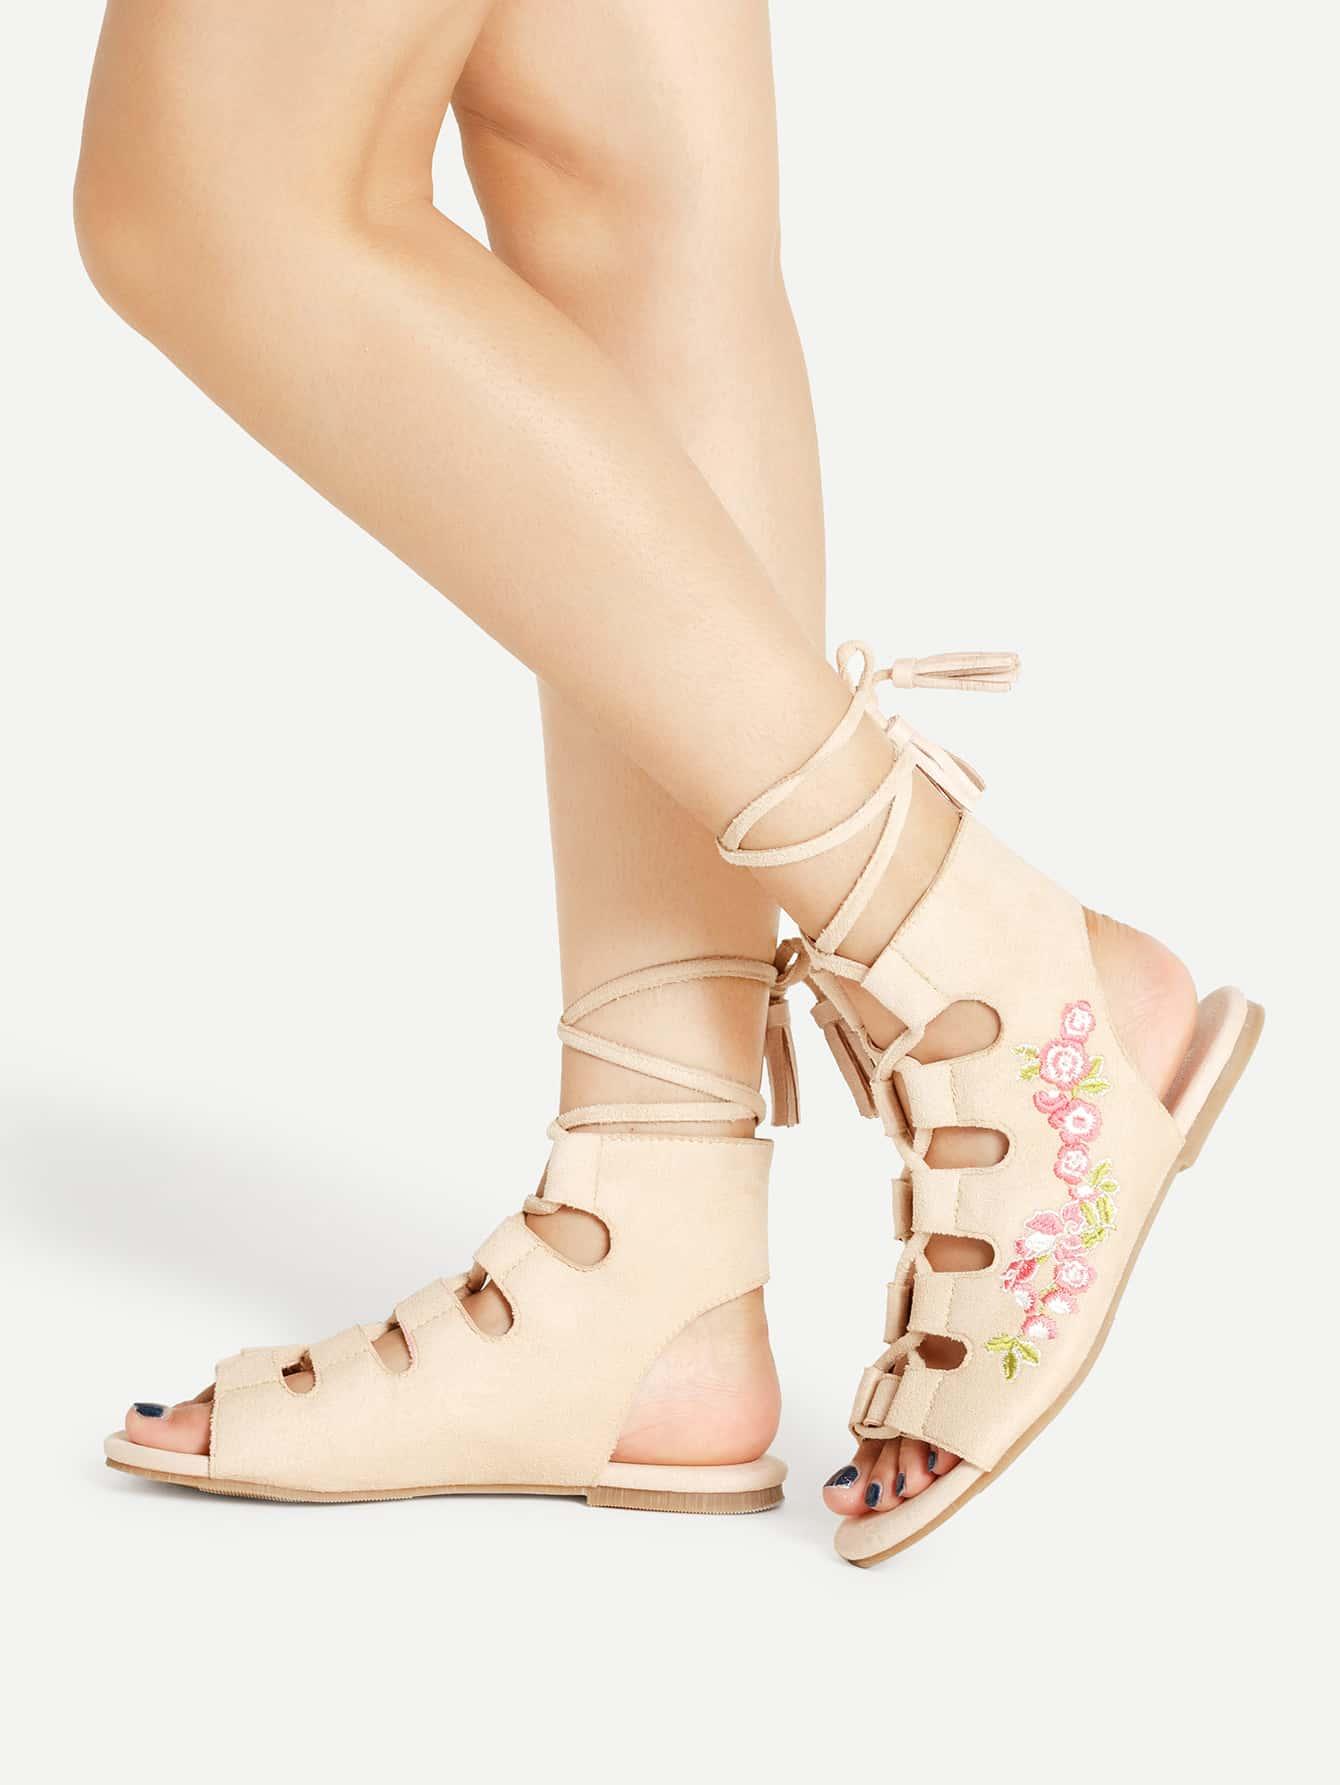 Фото Calico Embroidery Lace Up Flat Sandals With Tassel. Купить с доставкой
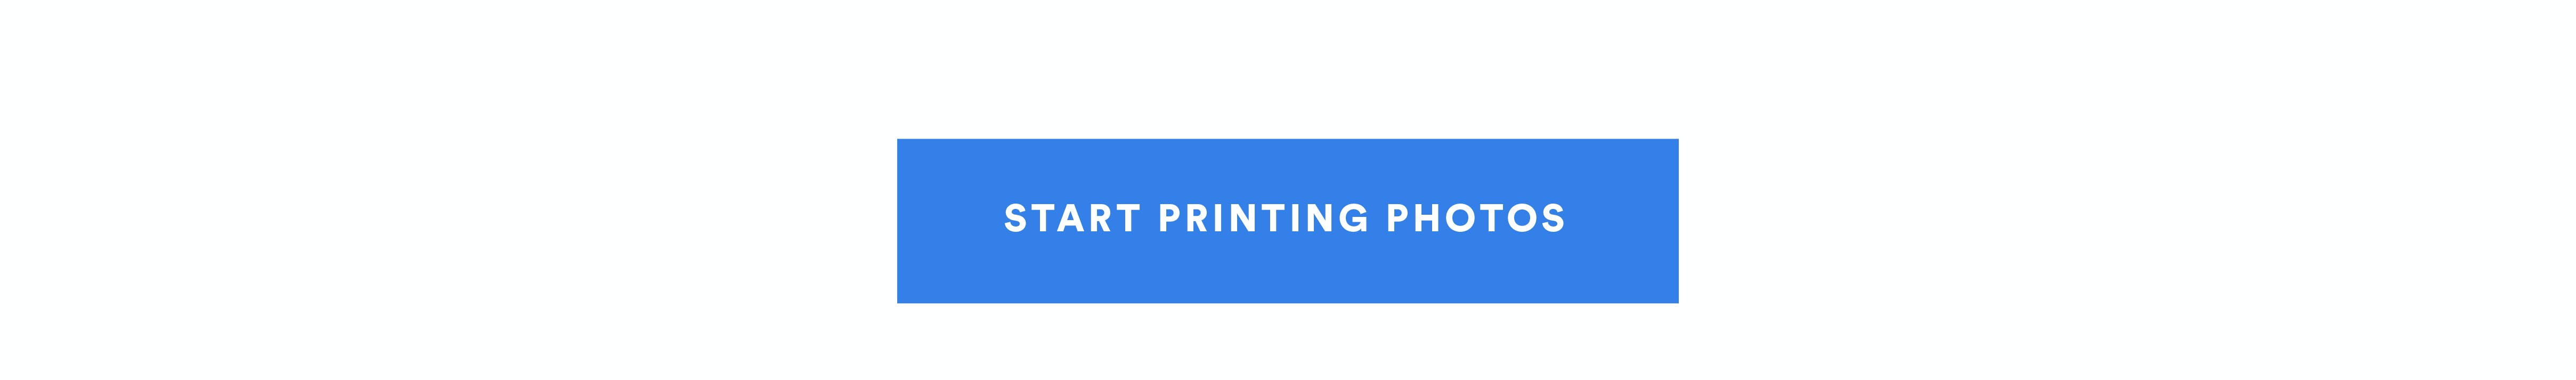 Start printing photos
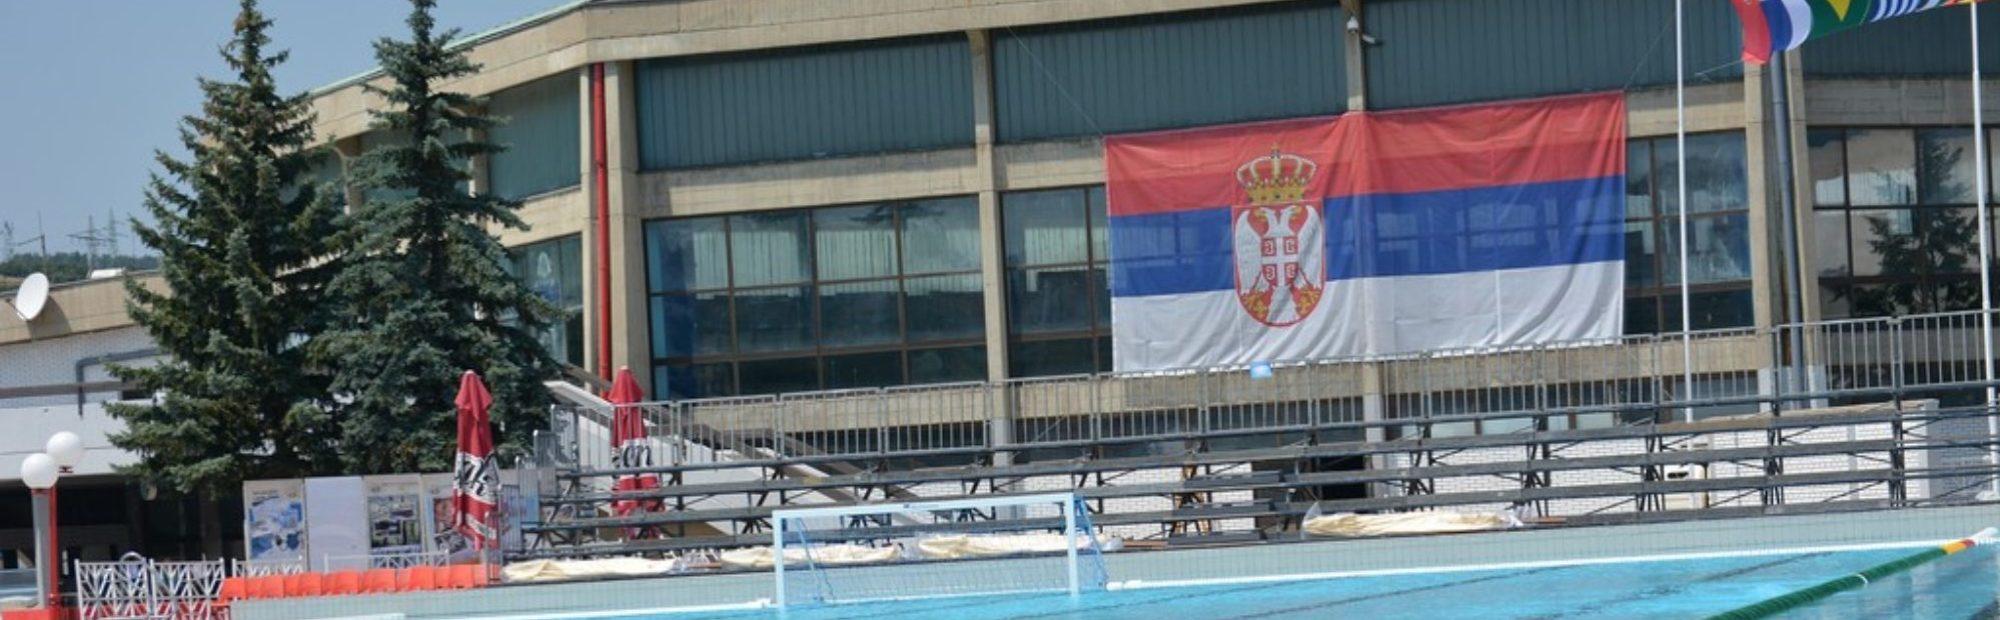 Sportski centar Bor

**WORK TO COMPLETE**
Your answer must be an exact copy of the data above, minus its pictures.

**YOUR SOLUTION**
 Фото Calico Embroidery Lace Up Flat Sandals With Tassel. Купить с доставкой
 Start printing photos
 Sportski centar Bor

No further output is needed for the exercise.